Hi everyone,
I am currently the lead developer of Raylight, a ComfyUI extension that allows workflows to run in parallel using Ray. I am looking for advice about model state distribution.
The current issue is that lower end systems do not have enough RAM to store the full state_dict on every worker.
My system can be simplified as follows:
class RayWorker:
def __init__(distributed_config):
self.process_group = group_manager(distributed_config["sequence_parallel"])
dist.init_process_group("nccl", rank, world_size)
def load_model(model_path, fsdp_config):
self.model = load_safetensors(model_path)
self.model = shard_model(self.model)
def run_model(context, additional_config):
y = self.model(context)
A possible solution would be to initialize the model on the meta device and then distribute weights using DCP or a broadcast from rank 0.
However, some pipelines do not use FSDP. Because of the way ComfyUI selects models, it first reads the safetensors file to determine which model class to use. This means the model is loaded before meta initialization is possible. In pipelines that do not use FSDP, each worker ends up loading the full state_dict.
I experimented with DTensor replication and broadcasting, but the results were limited.
I recently looked at the implementation of RDT transport and found it interesting because of the potential benefits. However, I have several questions before attempting a refactor.
First, does using RDT with NCCL or NIXL require creating another process group, or does it manage its own internally?
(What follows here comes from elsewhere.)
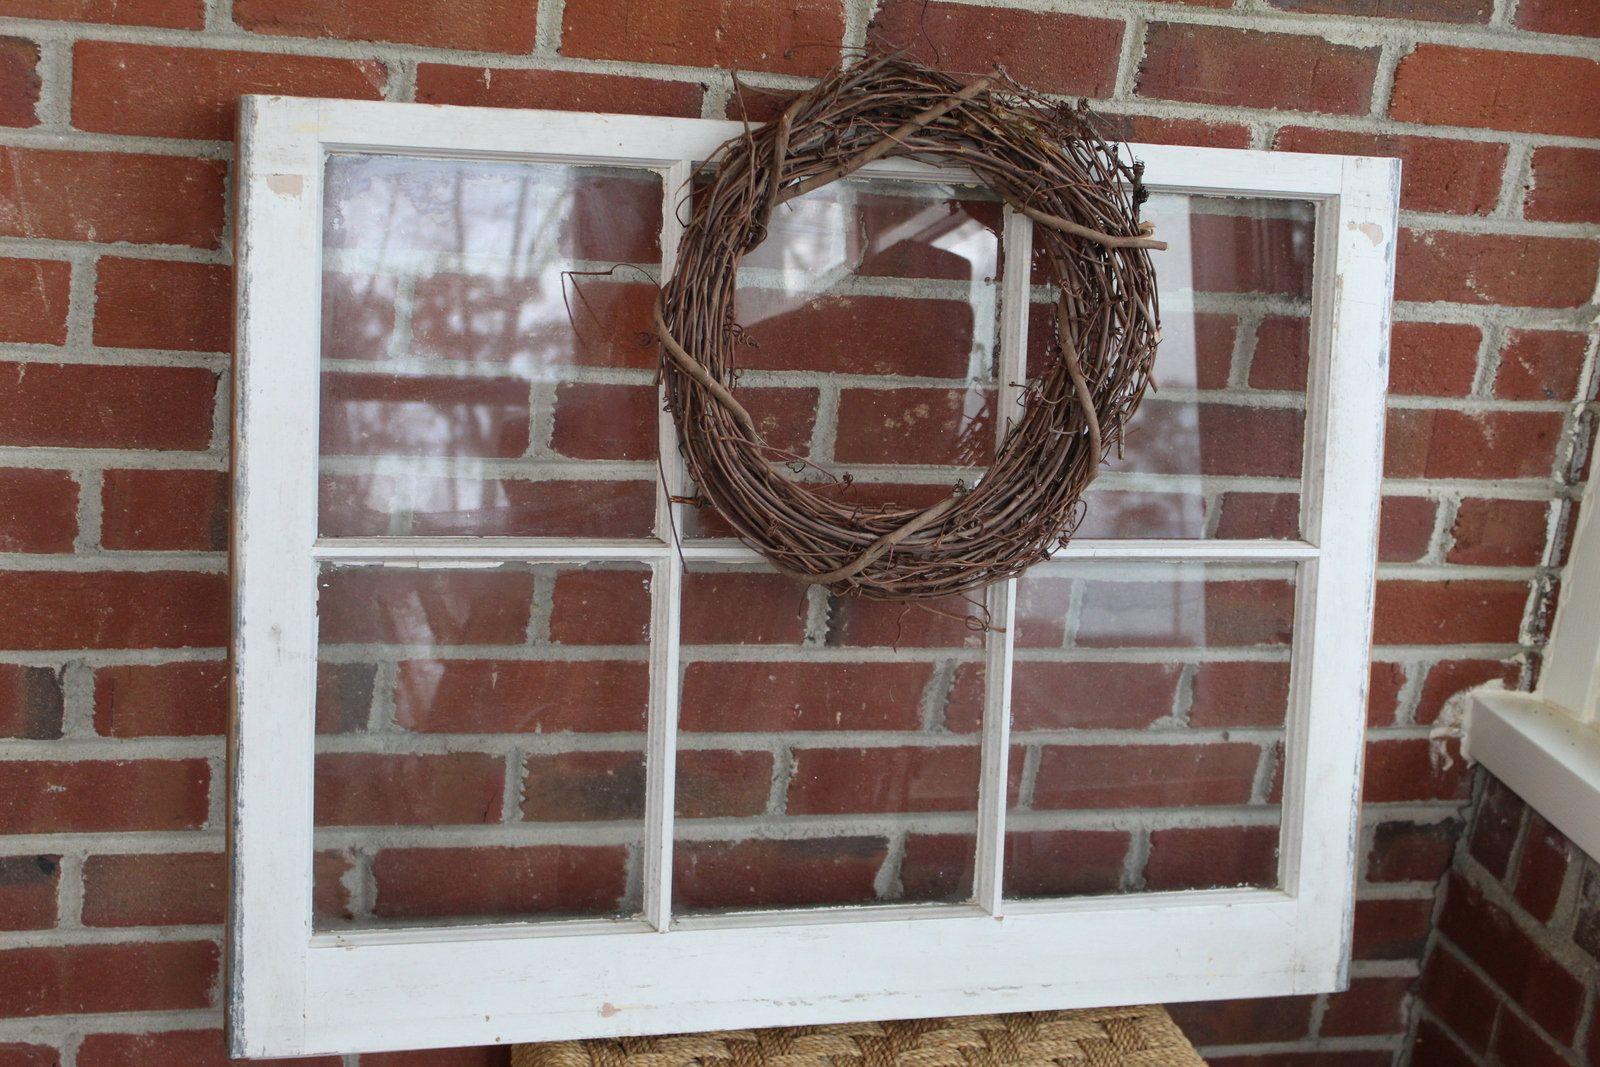 Vintage Large Wooden Window Pane Frame Painted 6 Pane Window With Glass By Creeklifetreasures Wood Window Oldwindow Diy Wood Framed Mirror Old Wood Faux Wood Tiles
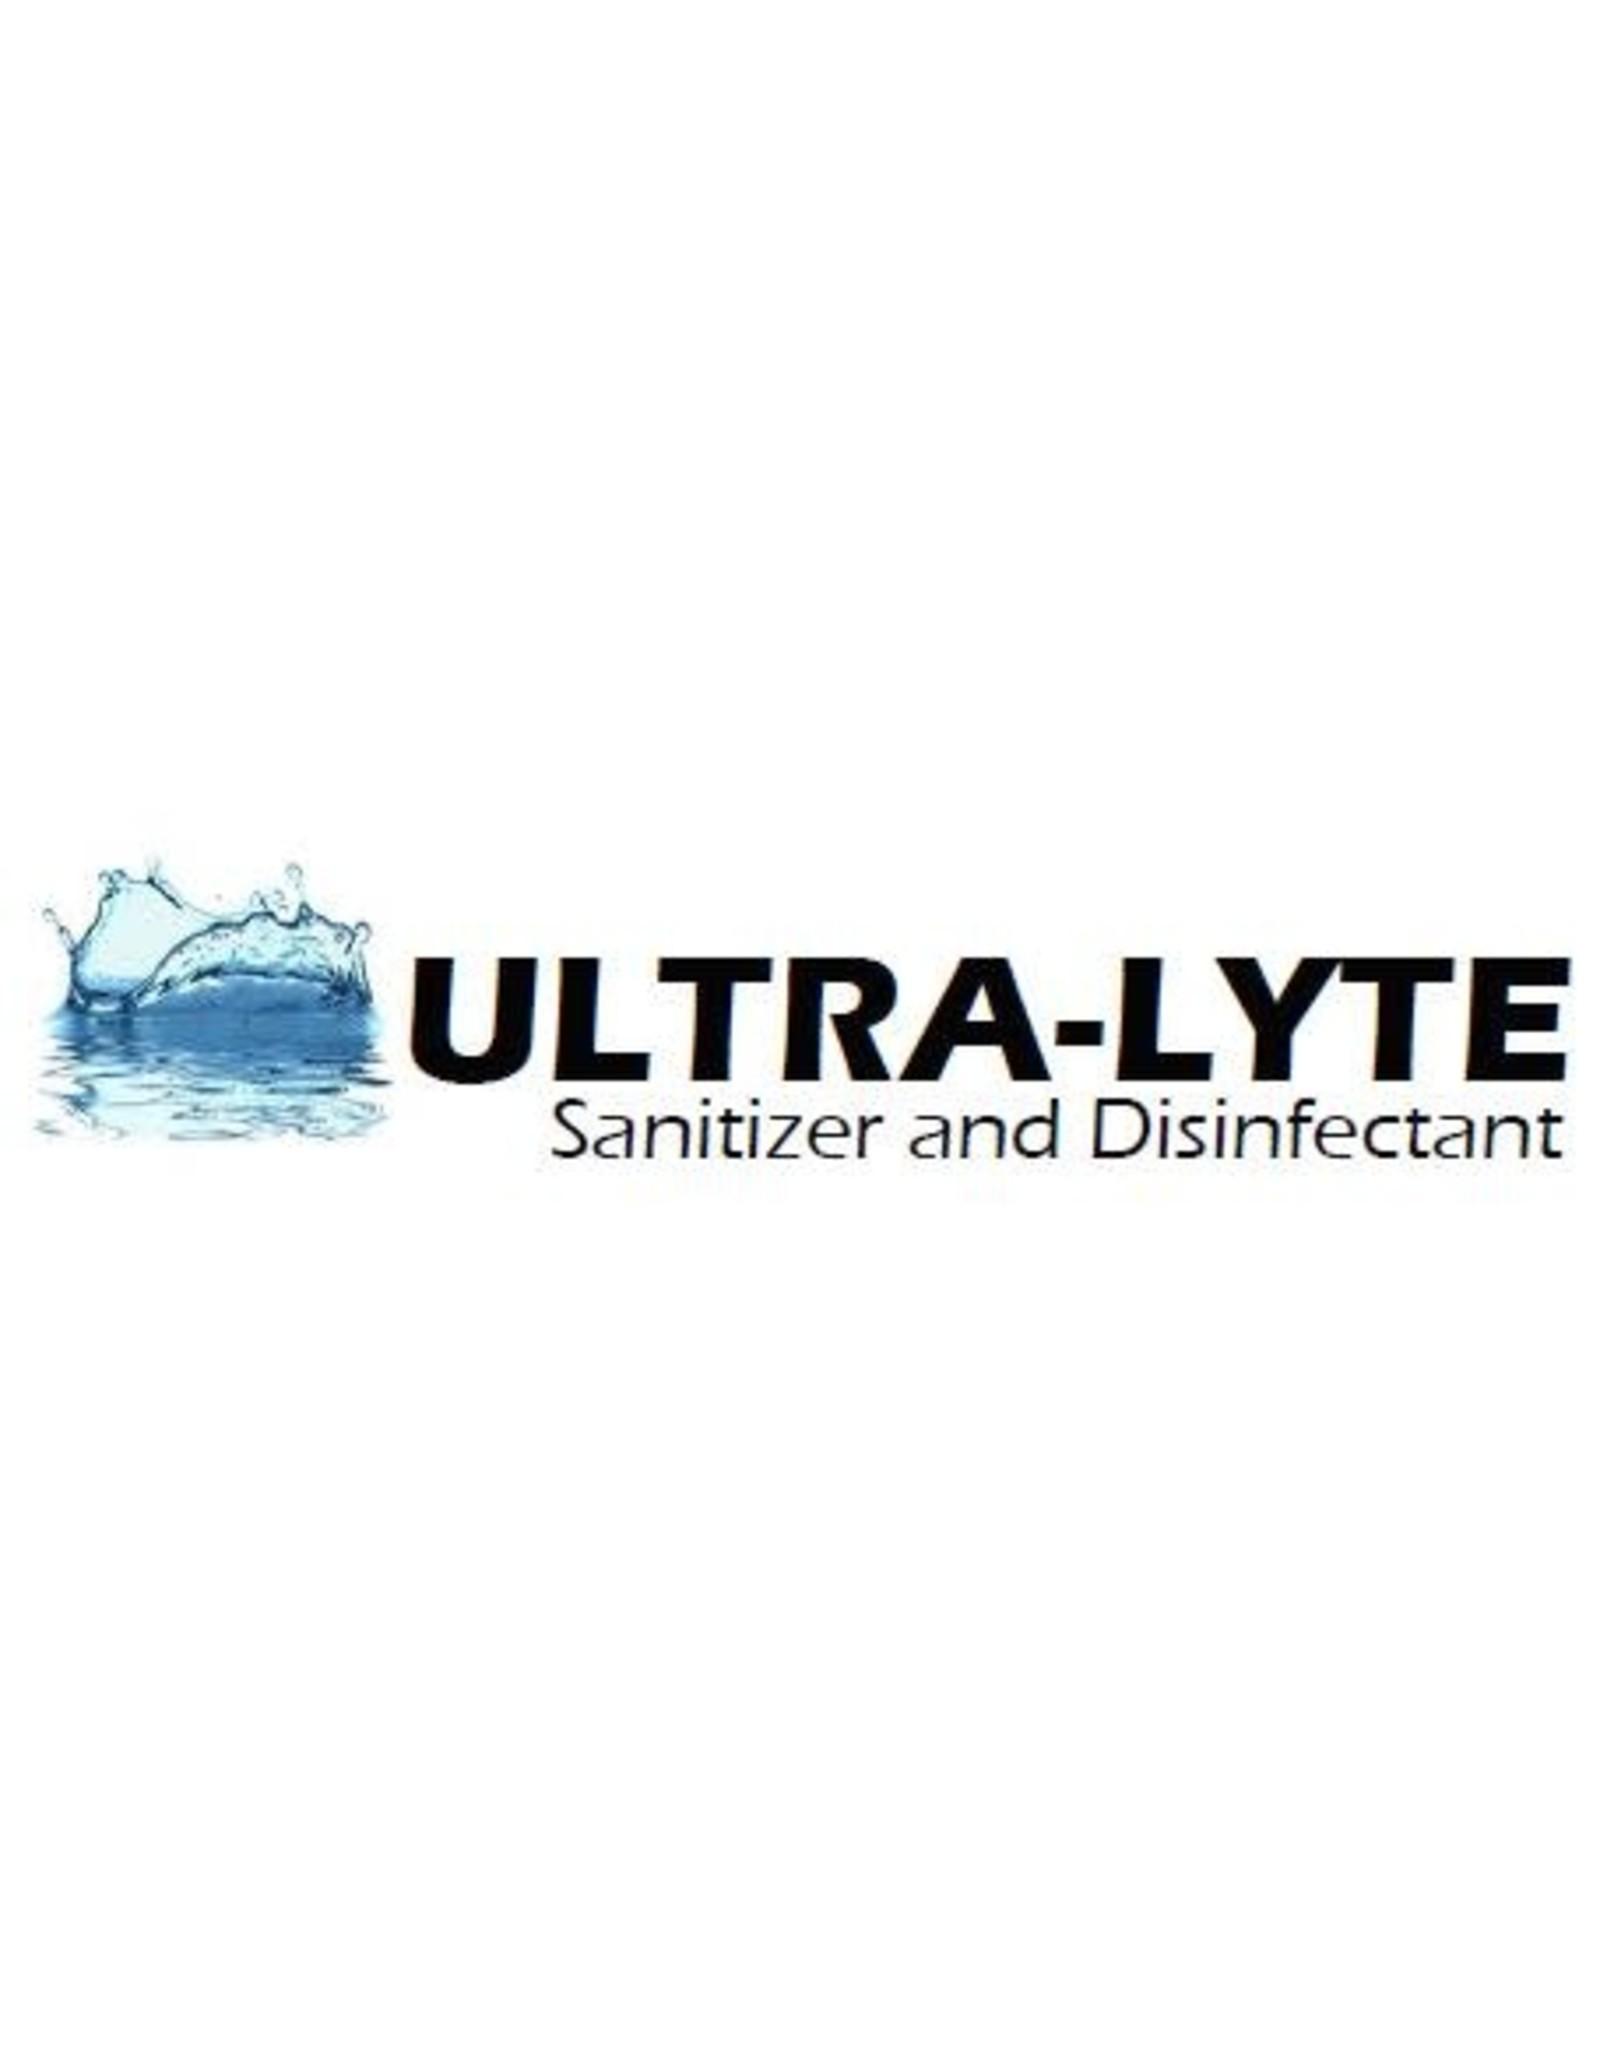 RJ Chemical Ultra-Lyte, 4L Jug, Sanitizer/Disinfectant/Cleaner

I am concerned about possible parallel degree collisions. For example:
RDT rank * SP rank * FSDP rank > world_size
Could this cause mismatches with the existing process group configuration?
Second, the documentation mentions that RDT only supports tensors. Since state_dict is a Python object containing tensors, does that mean I need to manually recurse through the state_dict and transfer each tensor individually?
Refactoring this part of the system will take significant time, so I want to make sure I understand the expected integration pattern before implementing it.
Any guidance would be appreciated. Thanks!